Your task :: Copy the listing exactly, images excluded.

Data ::
[Start of section]

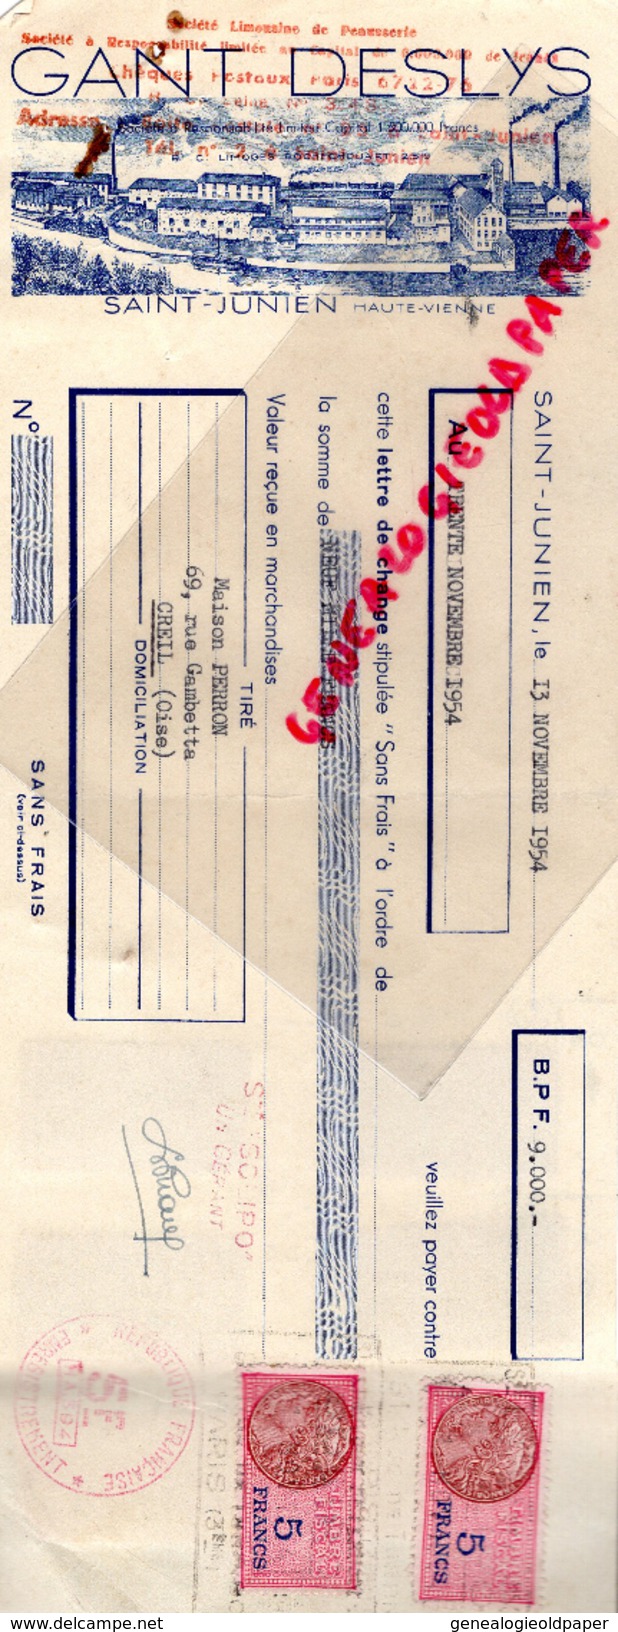 87 - ST SAINT JUNIEN - TRAITE GANTERIE GANT DESLYS- MAISON PERRON CREIL- GANTS- MEGISSERIE- 1954 MEGISSERIE - Elektriciteit En Gas
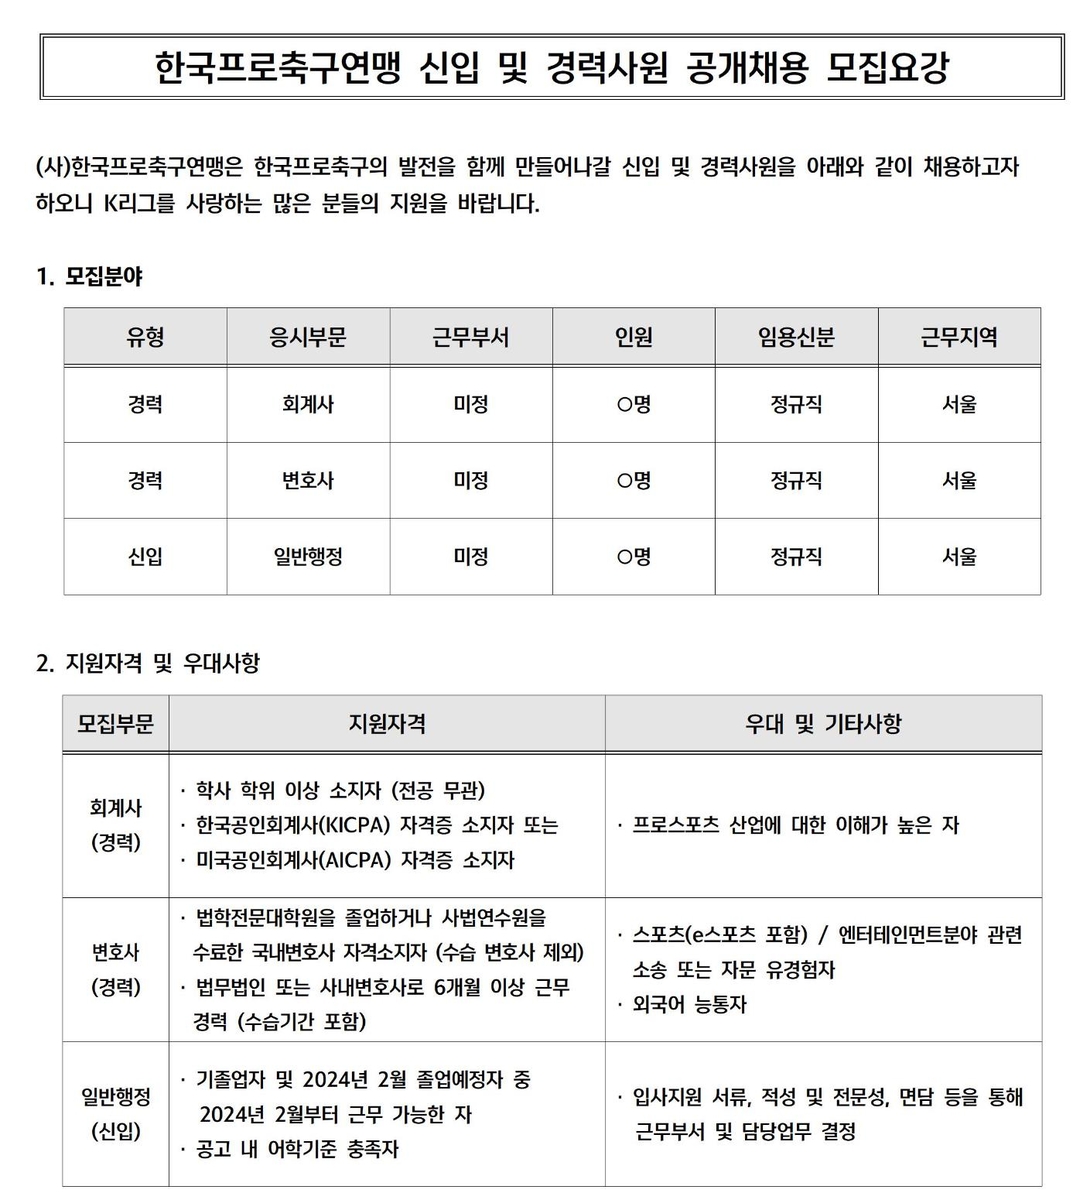 한국프로축구연맹, 정규직 신입 및 경력사원 공개 채용
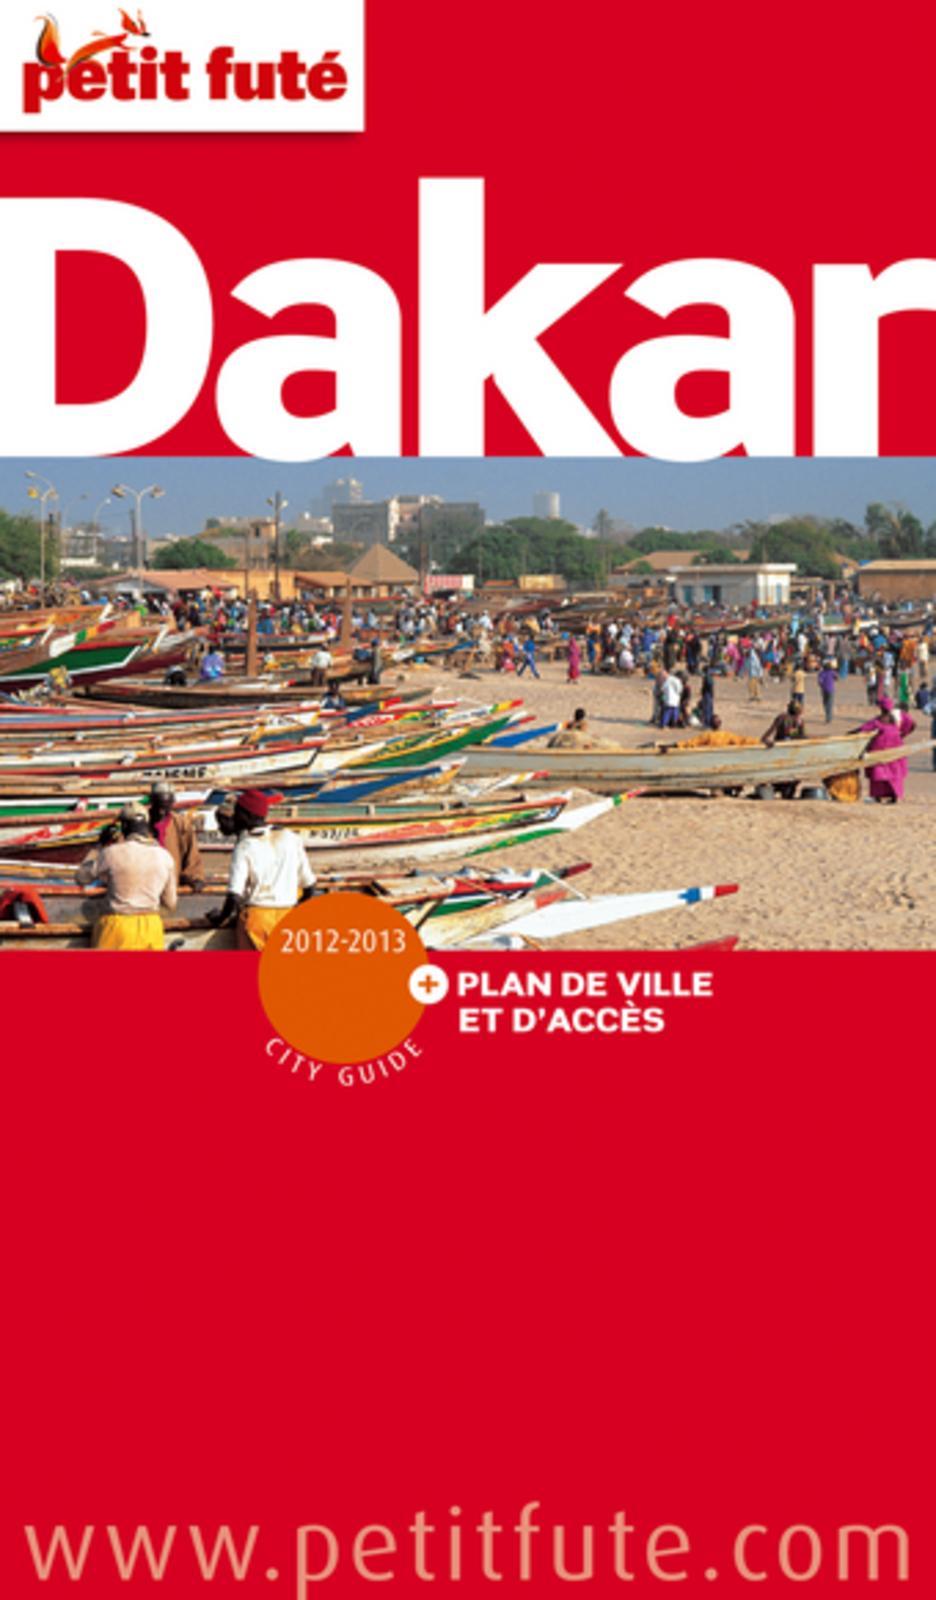 Le Petit Futé Dakar est arrivé
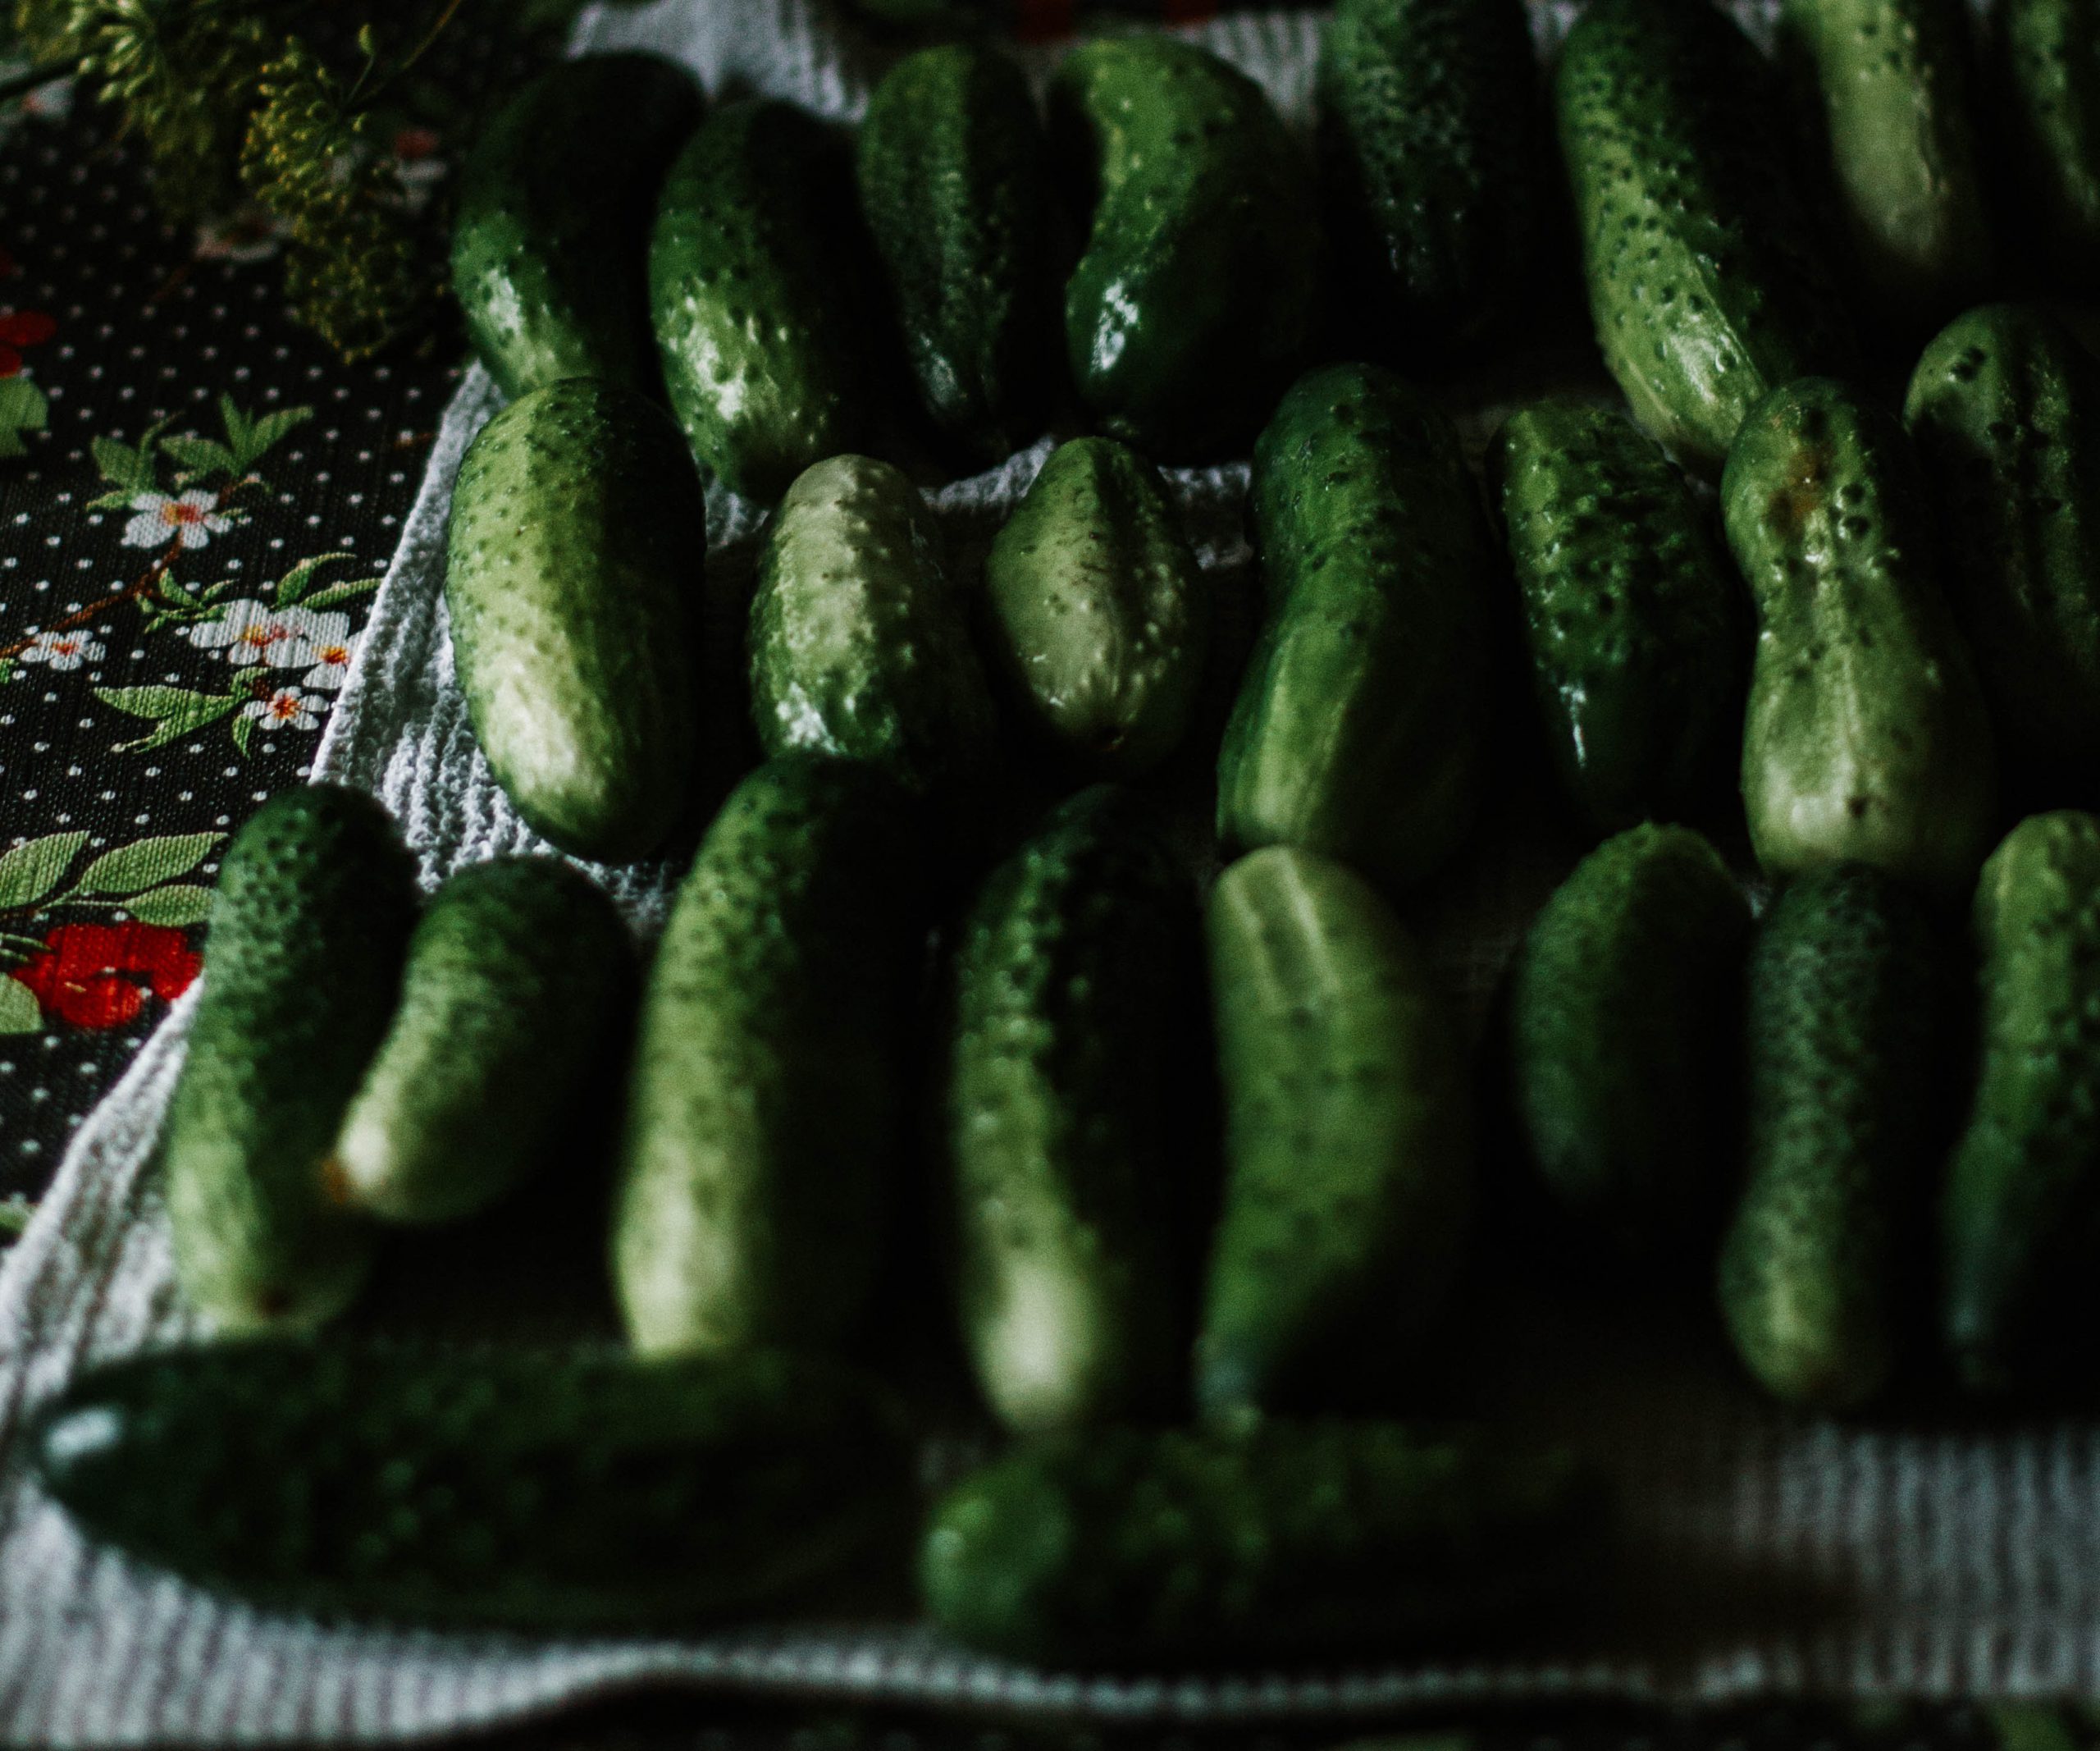 Le concombre - Quels sont ses bienfaits et comment le préparer ?

[End of section]

Exercise response ::
 87 - ST SAINT JUNIEN - TRAITE GANTERIE GANT DESLYS- MAISON PERRON CREIL- GANTS- MEGISSERIE- 1954 MEGISSERIE - Elektriciteit En Gas
 한국프로축구연맹, 정규직 신입 및 경력사원 공개 채용
 Le Petit Futé Dakar est arrivé
 Le concombre - Quels sont ses bienfaits et comment le préparer ?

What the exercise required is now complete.